[Users] High PortXmitWait on a lot of ports - degraded performance

German Anders ganders at despegar.com
Wed Nov 25 04:29:51 PST 2015


Hi all,

I'm having some issues with my IB network, basically I have the following
setup (pdf attach). I run a fio test between the HP Blade with QDR (bonding
ports active/backup mode), to a storage cluster with FDR (with no bonding
at all), and the best result that I can get is 1.7GB/s, that's pretty slow
actually. However I was hopping something between 2.5-3.5GB/s on a QDR
infiniband network. Then I try to tweak some parameters, for example
setting the scaling_governor to 'performance', and set the 'connected' mode
in the ib ports, then change the following variables:

sysctl -w net.core.netdev_max_backlog=250000
sysctl -w net.core.rmem_max=4194304
sysctl -w net.core.wmem_max=4194304
sysctl -w net.core.rmem_default=4194304
sysctl -w net.core.wmem_default=4194304
sysctl -w net.core.optmem_max=4194304
sysctl -w net.ipv4.tcp_rmem="4096 87380 4194304"
sysctl -w net.ipv4.tcp_wmem="4096 65536 4194304"
sysctl -w net.ipv4.tcp_low_latency=1

The bond configuration is the following:

# cat /etc/modprobe.d/bonding.conf

alias bond-ib bonding options bonding mode=1 miimon=100 downdelay=100
updelay=100 max_bonds=2


# cat /etc/network/interfaces

(...)

## INFINIBAND CONF
auto ib0
iface ib0 inet manual
        bond-master bond-ib

auto ib1
iface ib1 inet manual
        bond-master bond-ib

auto bond-ib
iface bond-ib inet static
    address 172.23.18.1
    netmask 255.255.240.0
    slaves ib0 ib1
    bond_miimon 100
    bond_mode active-backup
    pre-up echo connected > /sys/class/net/ib0/mode
    pre-up echo connected > /sys/class/net/ib1/mode
    pre-up /sbin/ifconfig ib0 mtu 65520
    pre-up /sbin/ifconfig ib1 mtu 65520
    pre-up modprobe bond-ib
    pre-up /sbin/ifconfig bond-ib mtu 65520


OS is Ubuntu 14.04.3 LTS on the HP blade with Kernel 3.13.0-63-generic, and
Ubuntu 14.04.3 LTS with kernel 3.19.0-25-generic for the storage cluster.
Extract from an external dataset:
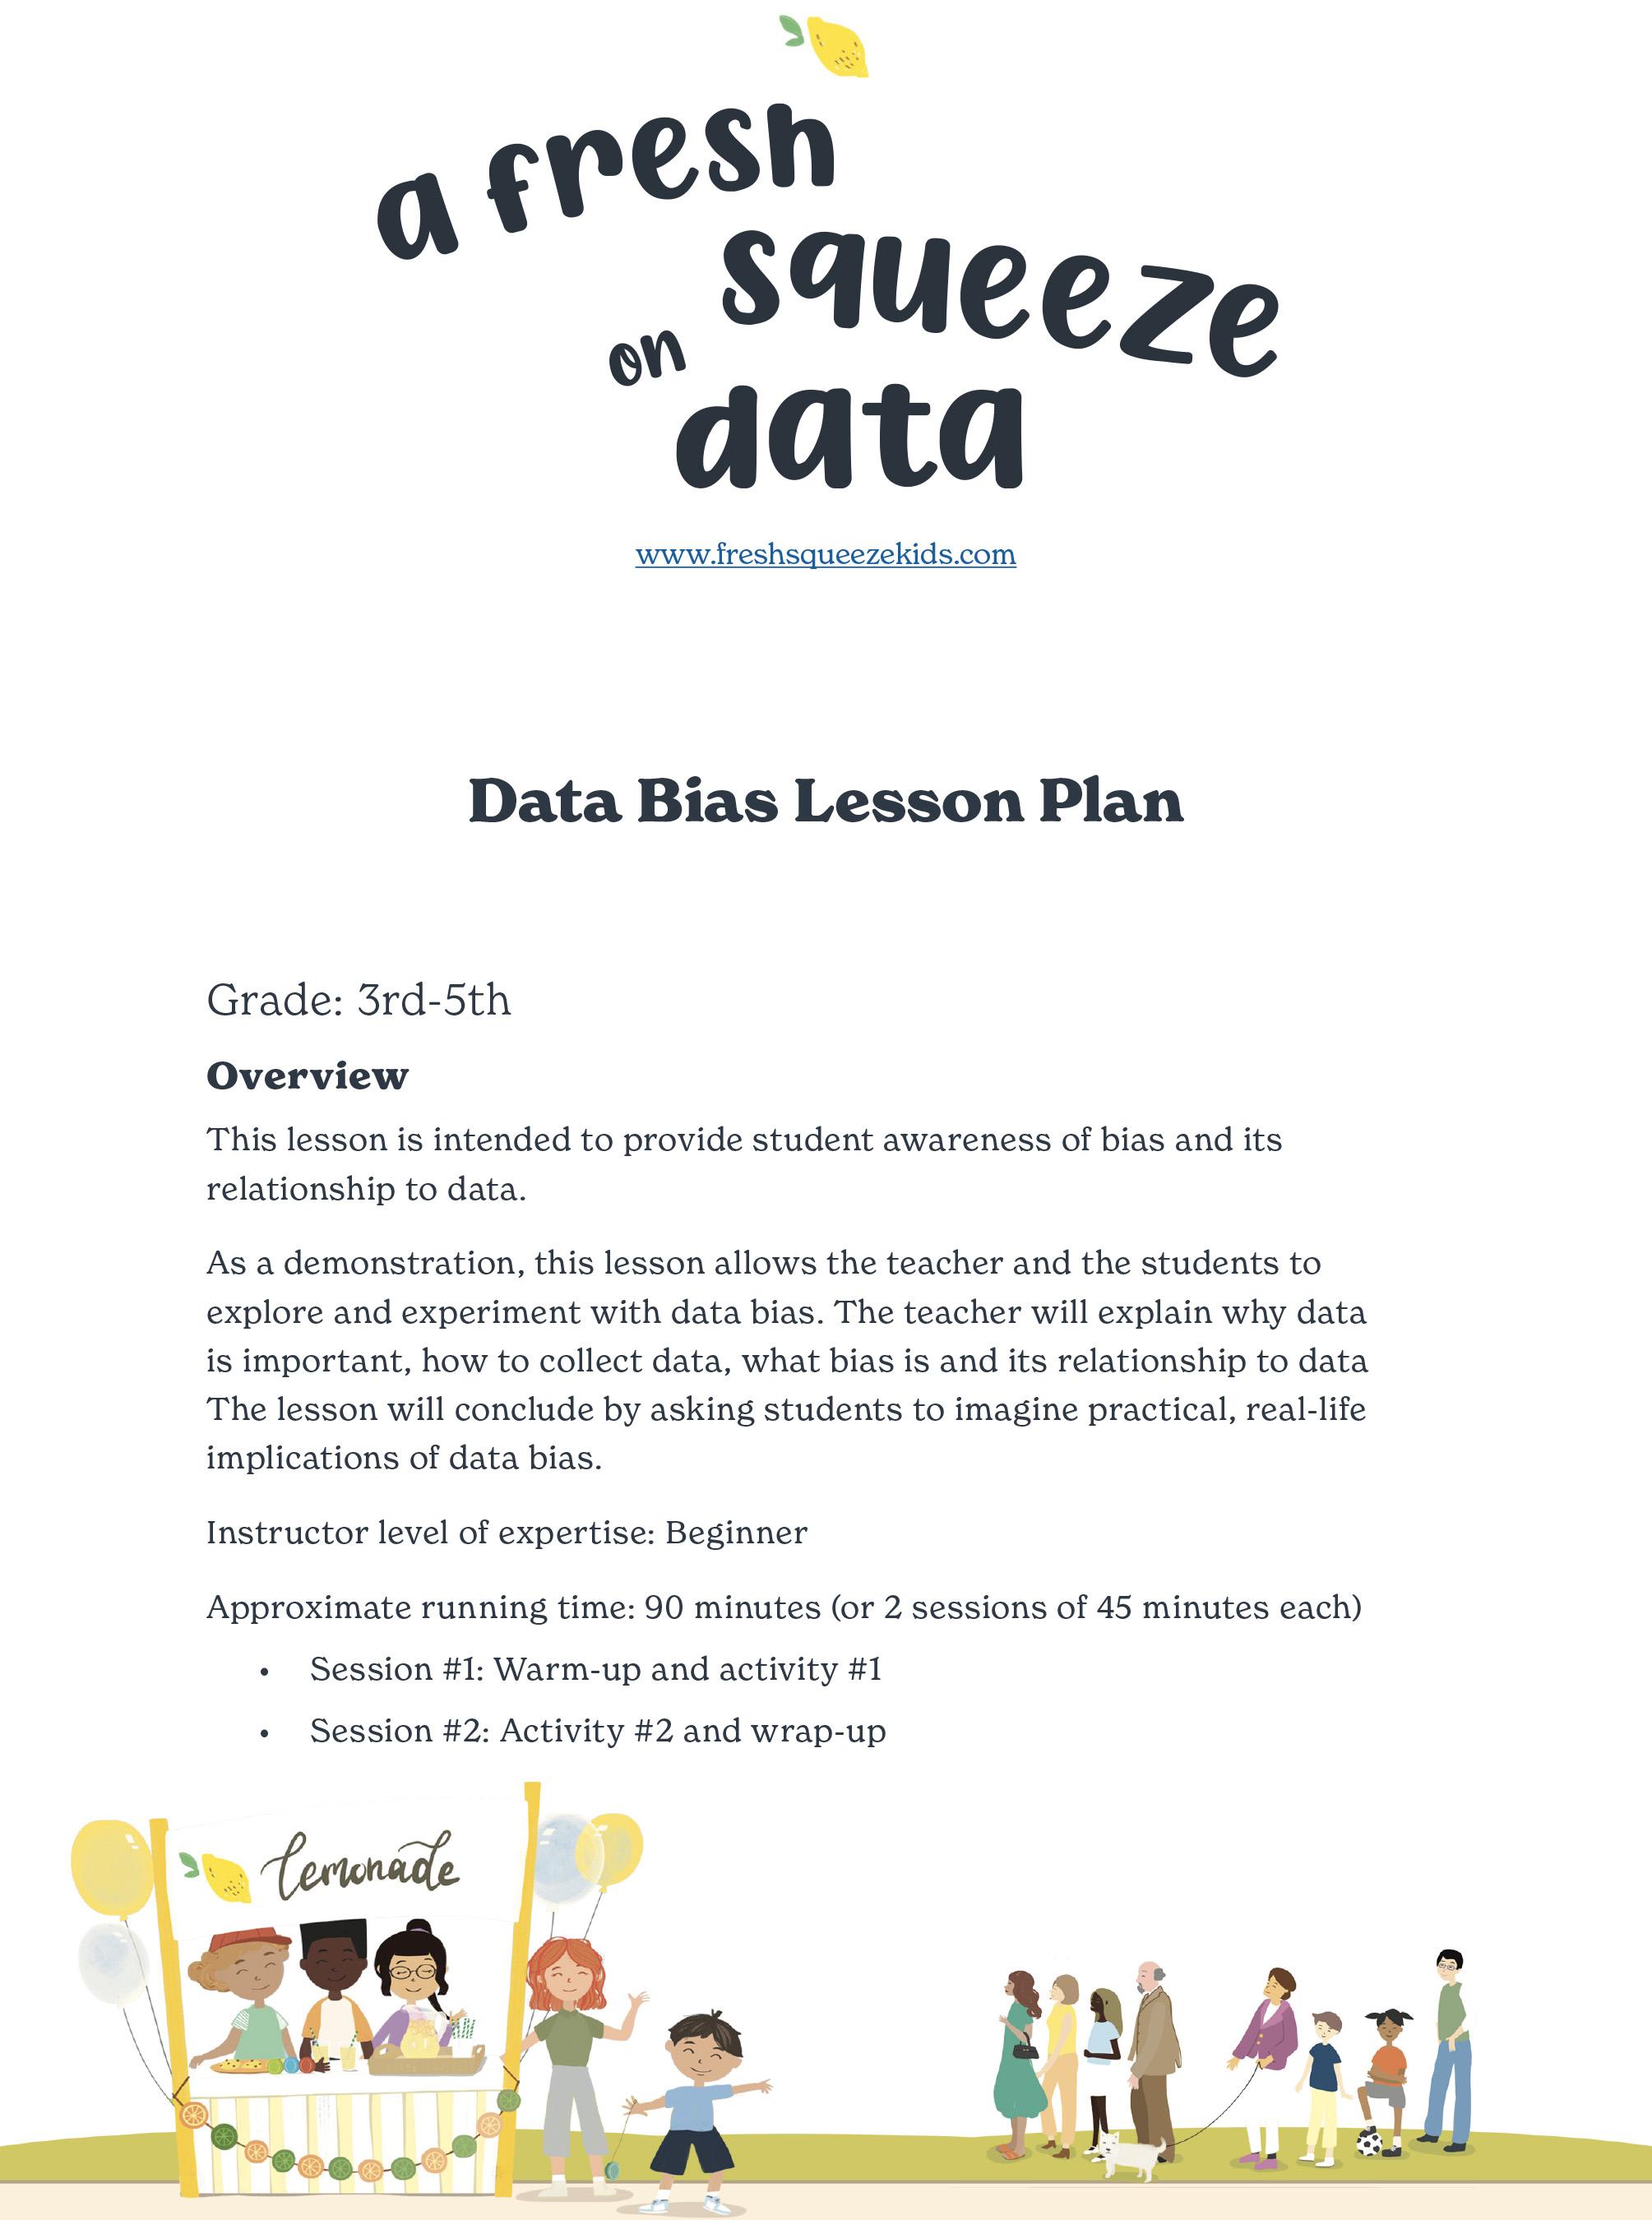 Data Bias Lesson Plan

The IB Mezzanine cards on the HP Blades are "InfiniBand: Mellanox
Technologies MT26428 [ConnectX VPI PCIe 2.0 5GT/s - IB QDR / 10GigE] (rev
b0)". And on the storage cluster the IB ADPT are "Network controller:
Mellanox Technologies MT27500 Family [ConnectX-3]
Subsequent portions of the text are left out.